*Work instruction*
With the pictures omitted, write out all of the listing exactly.

*Given information*
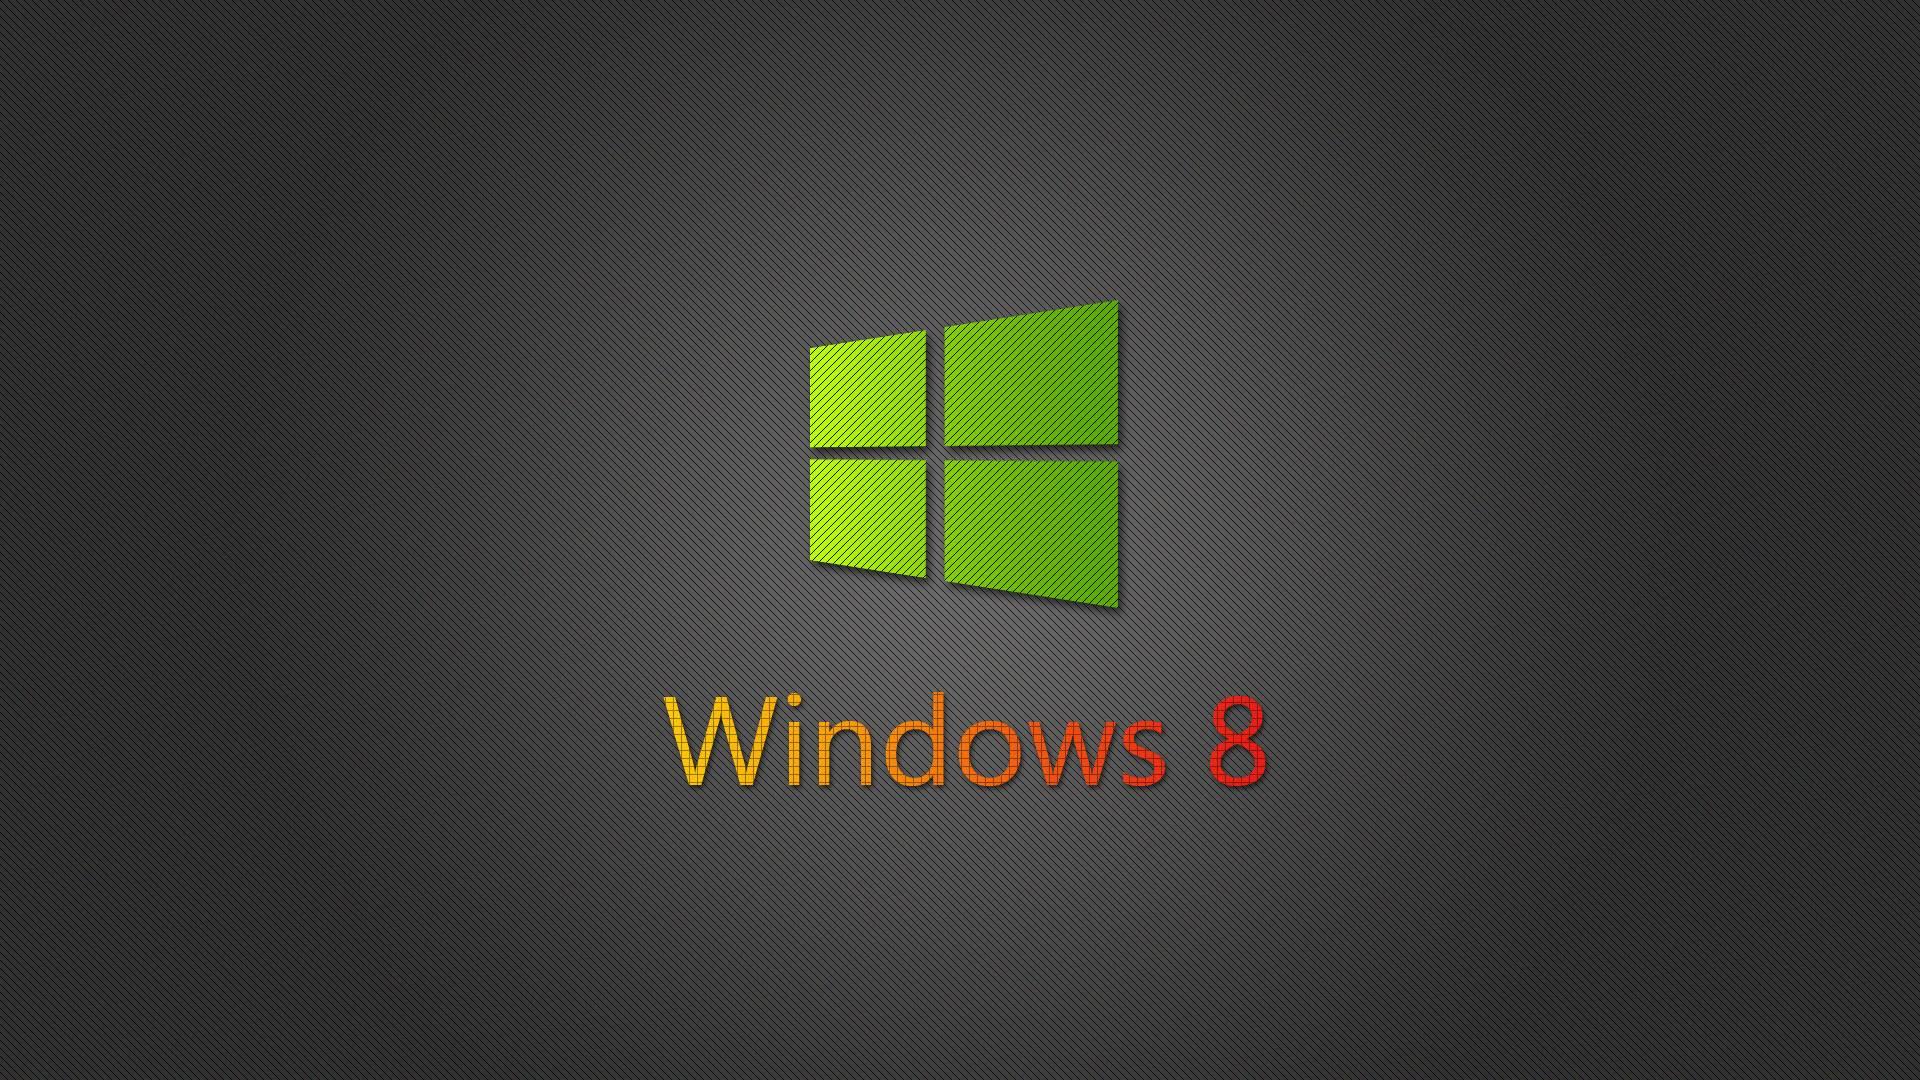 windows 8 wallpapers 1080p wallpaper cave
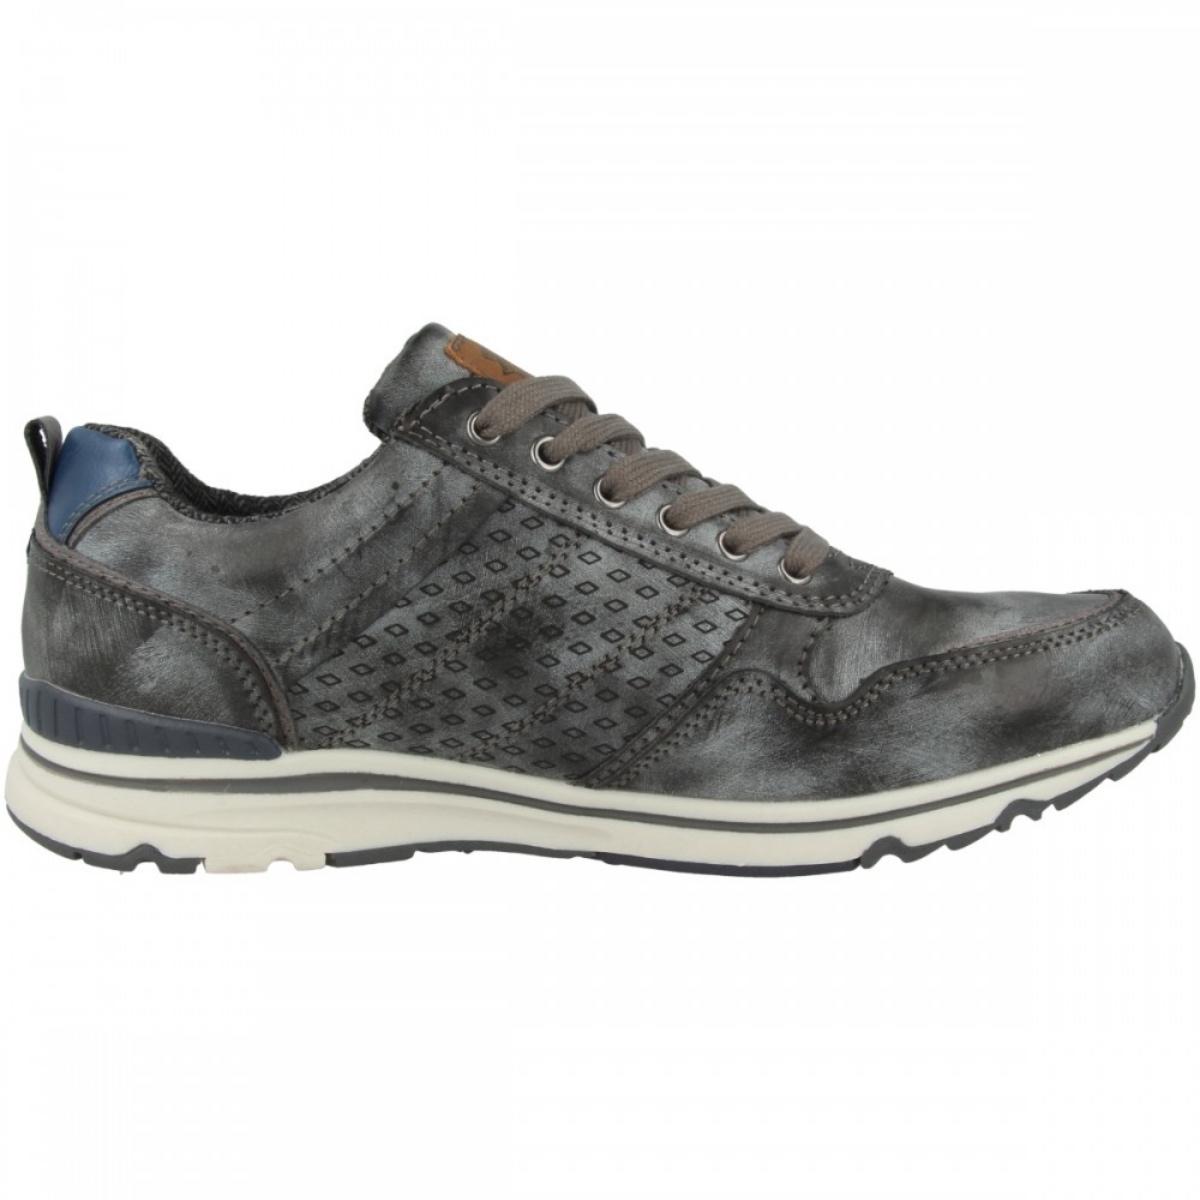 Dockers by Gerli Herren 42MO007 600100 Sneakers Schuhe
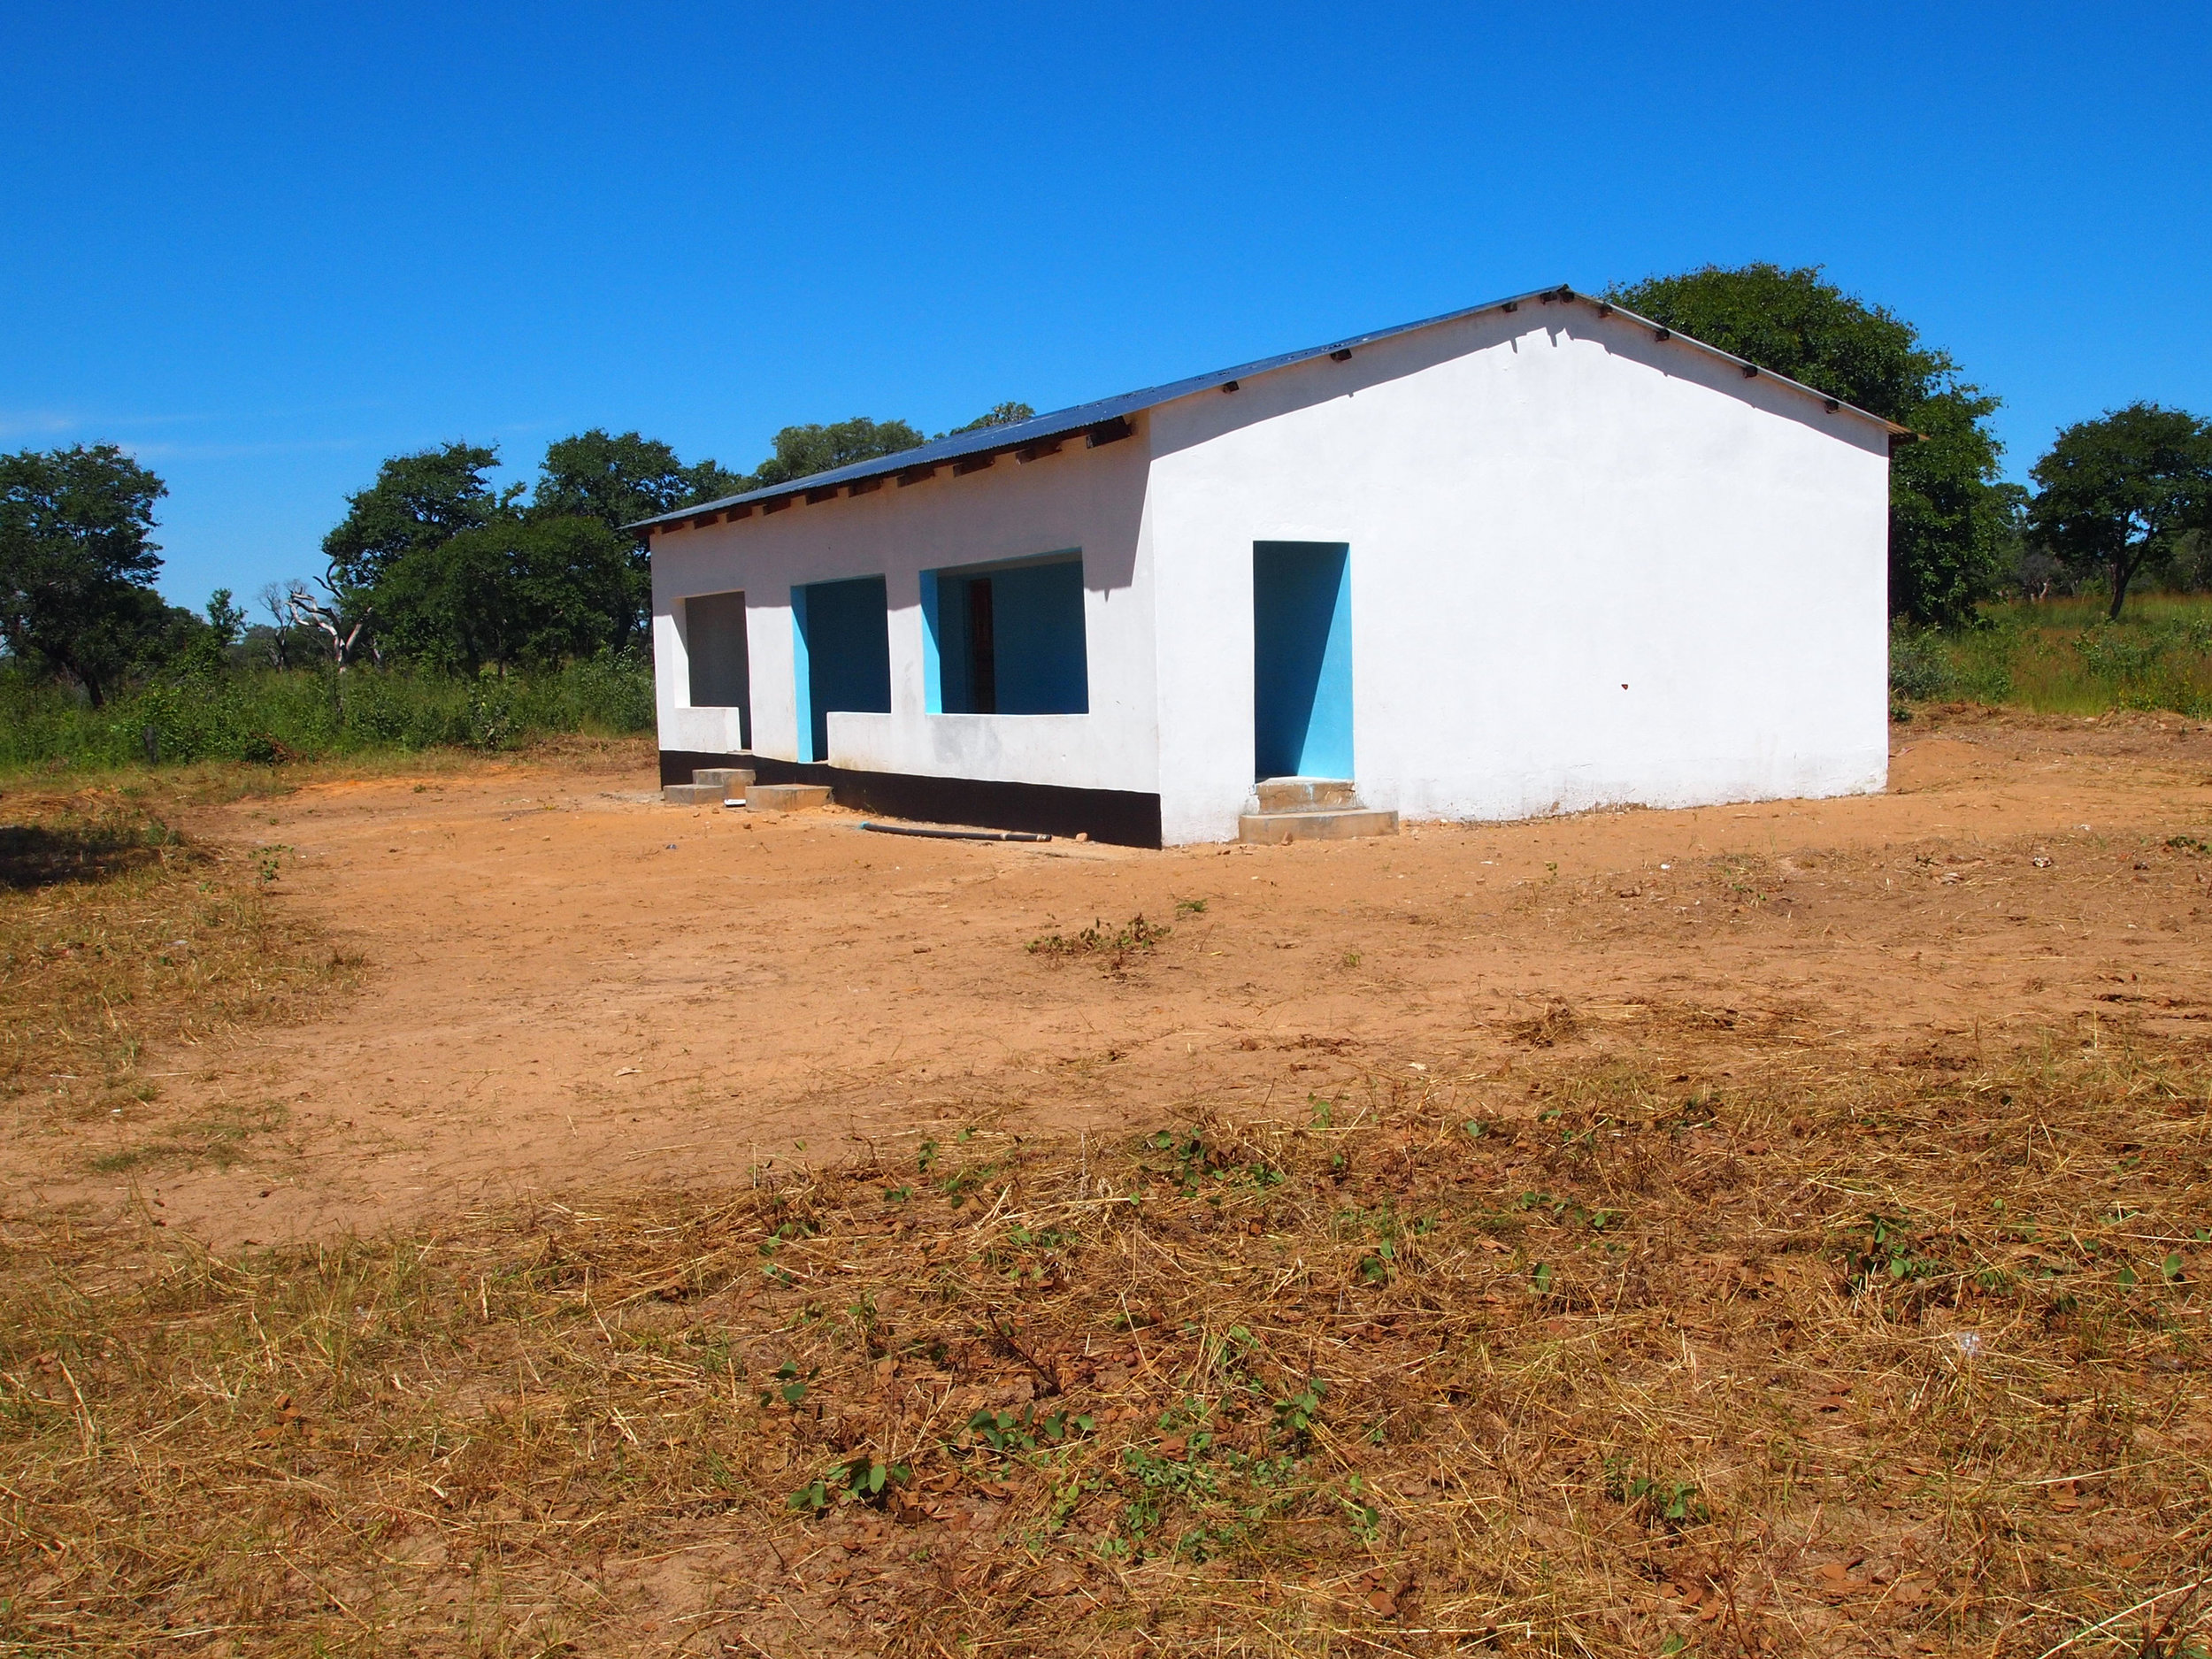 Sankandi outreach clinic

*Task response*
 windows 8 wallpapers 1080p wallpaper cave
 Dockers by Gerli Herren 42MO007 600100 Sneakers Schuhe
 Sankandi outreach clinic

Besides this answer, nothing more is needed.